Terrestrial Planet Formation in Binary Star Systems

The list of confirmed extrasolar planets keeps growing, and has now passed two hundred members — almost all of which are gas giants like Jupiter and Saturn. But the hunt is on for Earth-like worlds! With the successful launch of France's CoRoT satellite (December 27, 2006) and the promise of NASA's Kepler mission (due to be launched October 2008), the next five years should see the detection of numerous terrestrial planets around distant stars. But which stars should these telescopes be pointed at? Recent research has shown that these planets are probably quite common, and can even form in binary star systems.

Scientific interest in the physics of planet formation is at an all-time high. Astronomers and physicists have reached a consensus on the underlying theory, or at least its outlines. A star is born from an immense cloud of gas and dust, which slowly contracts and heats up through the action of gravity. Some of the cloud falls towards the center, where it collects into a hot, dense ball of gas that will eventually become the star. The rest of the cloud orbits the center, contracting and flattening into a protoplanetary disk.

Tiny grains of rock and ice stick to each other as they orbit within the disk, eventually growing into 'planetesimals' — small lumps of rock and ice similar to asteroids and comets. At this point gravity speeds up the process of planet formation considerably. Rocky planets form close to the newborn star, where the radiant heat prevents ice from forming. Icy planets form in the cold outer regions, but are much larger to begin with and quickly transform into gas giants.

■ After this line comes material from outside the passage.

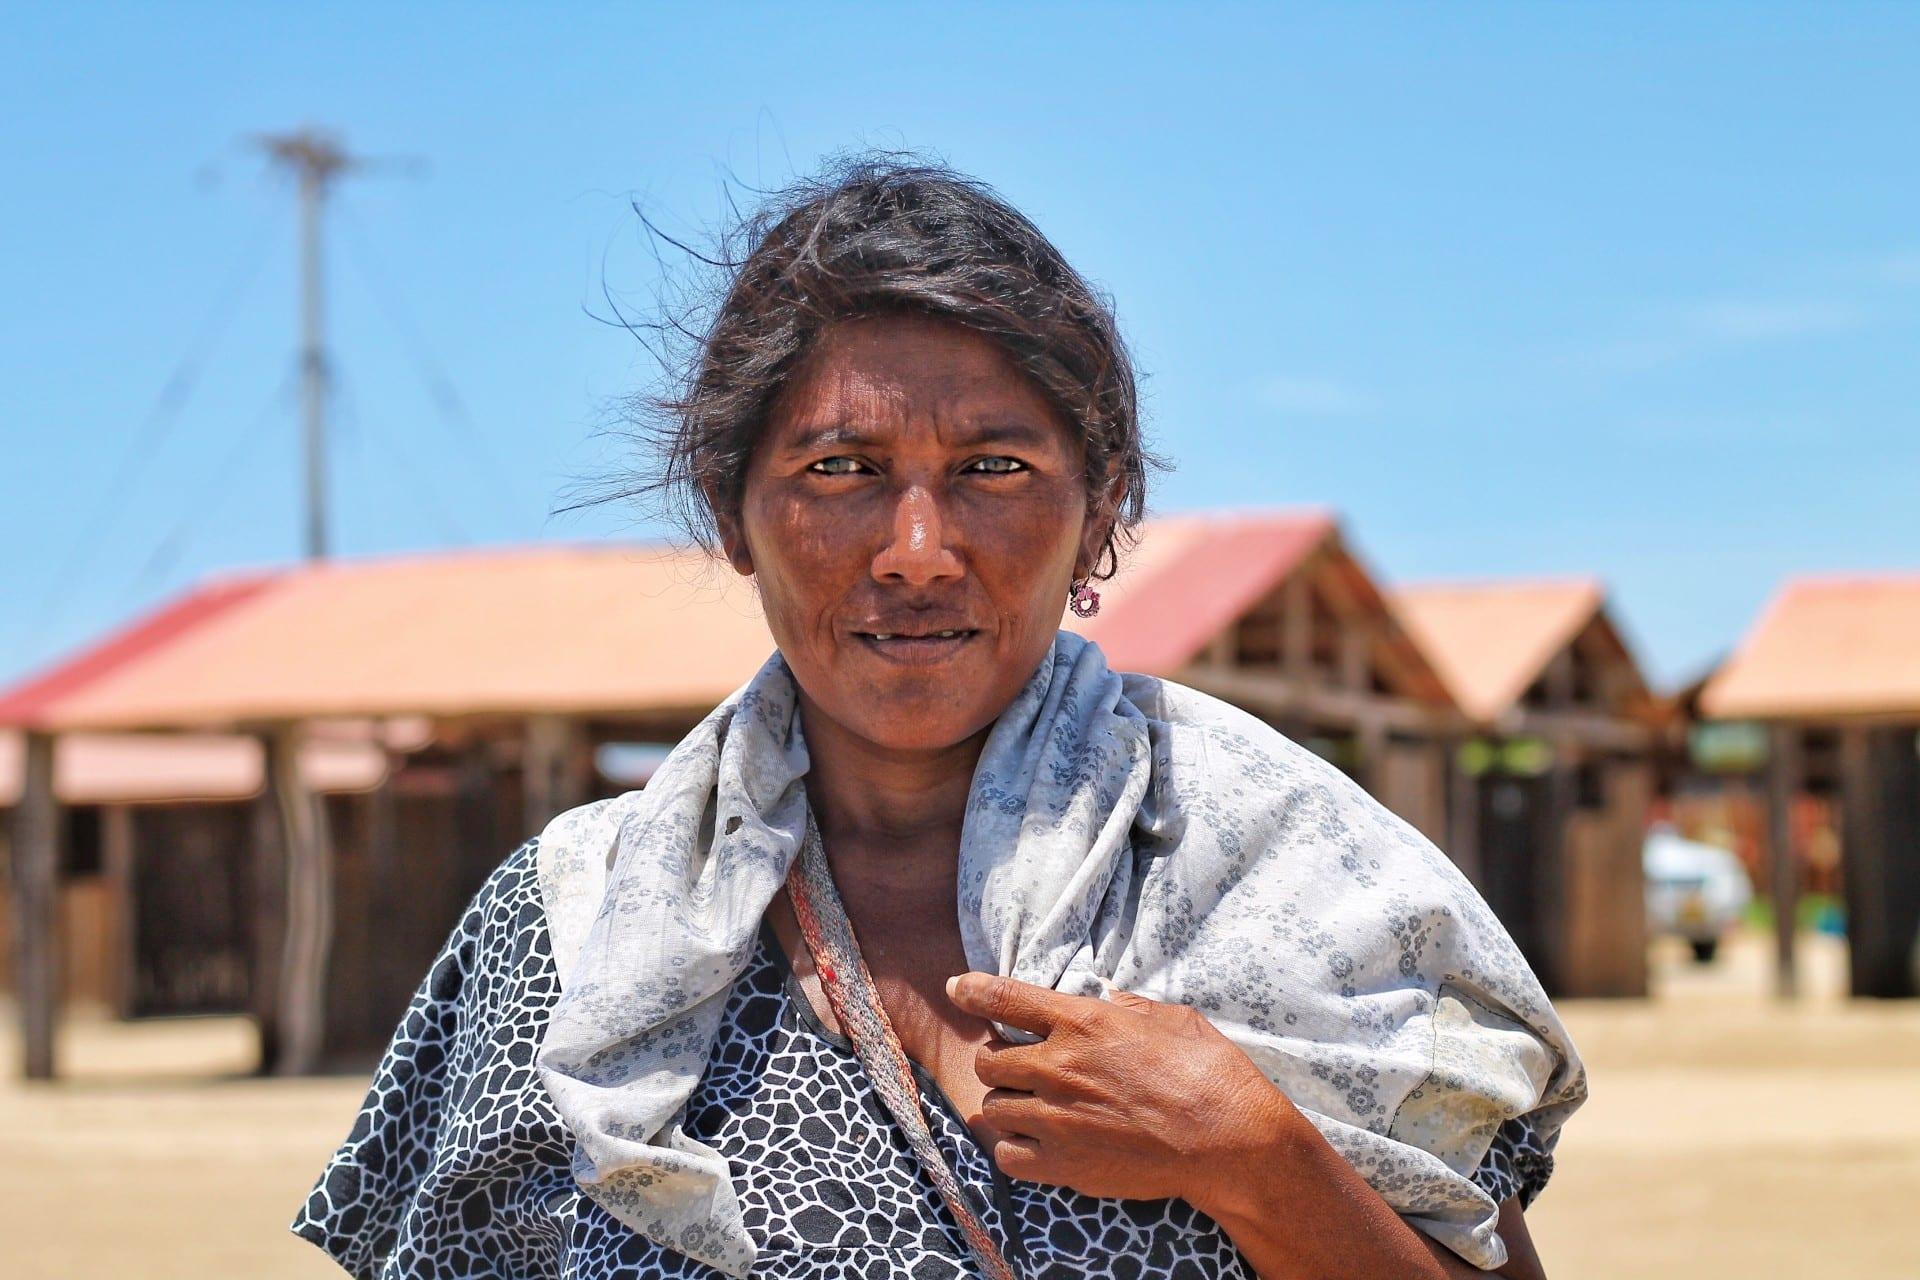 La Guajira : Plages Et Désert Colombien
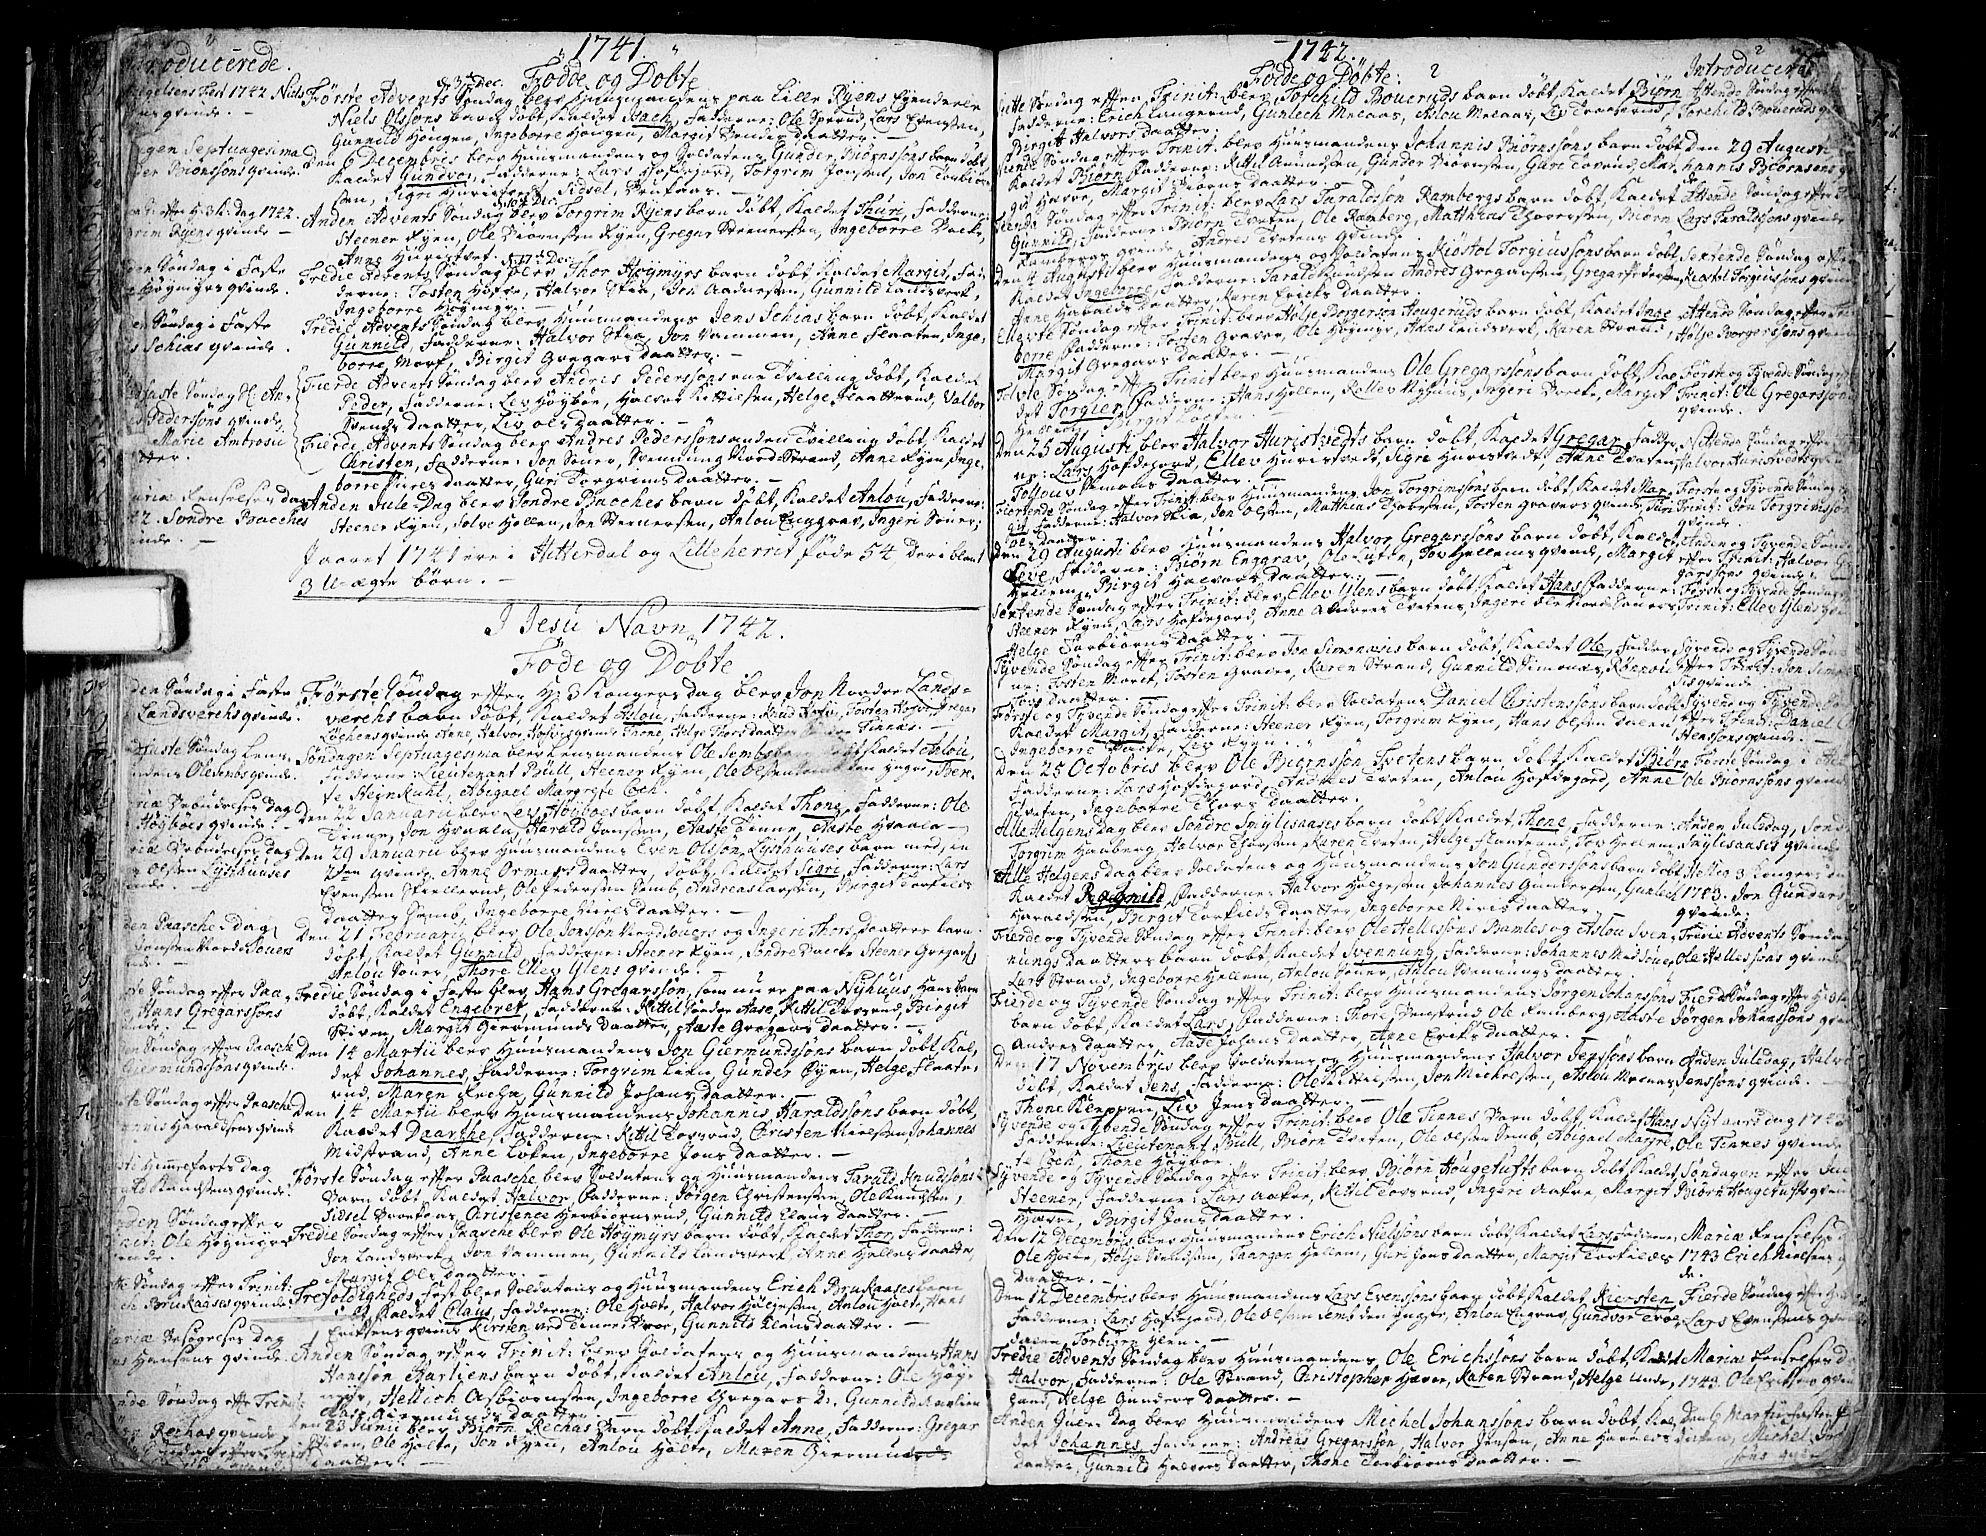 SAKO, Heddal kirkebøker, F/Fa/L0003: Ministerialbok nr. I 3, 1723-1783, s. 75

It is now thought that almost all stars are born with a protoplanetary disk — the question is under what circumstances these disks form useful planets rather than a mass of rubble. The method of choice is numerical simulations, which can follow the evolution of a disk by modeling its gas dynamics (in the early stages of planet formation) or the gravitational interactions between planetesimals (in the later stages). Such research has shown that planets should almost always form, at least around an isolated star like our Sun.

Of course, star formation is a more complicated business.

Stars rarely, if ever, form in isolation. More often, a giant molecular cloud will create dozens or hundreds of stars in relatively close proximity. Binary star systems, composed of two stars orbiting their mutual center of gravity, are actually just as common as singles. For stars the size of our Sun, about 50% form in binary systems.

In the search for other worlds like our own, should we limit ourselves to stars like our own? Must we cut the field in half before we start looking? Might binary stars harbor Earth-like planets as well?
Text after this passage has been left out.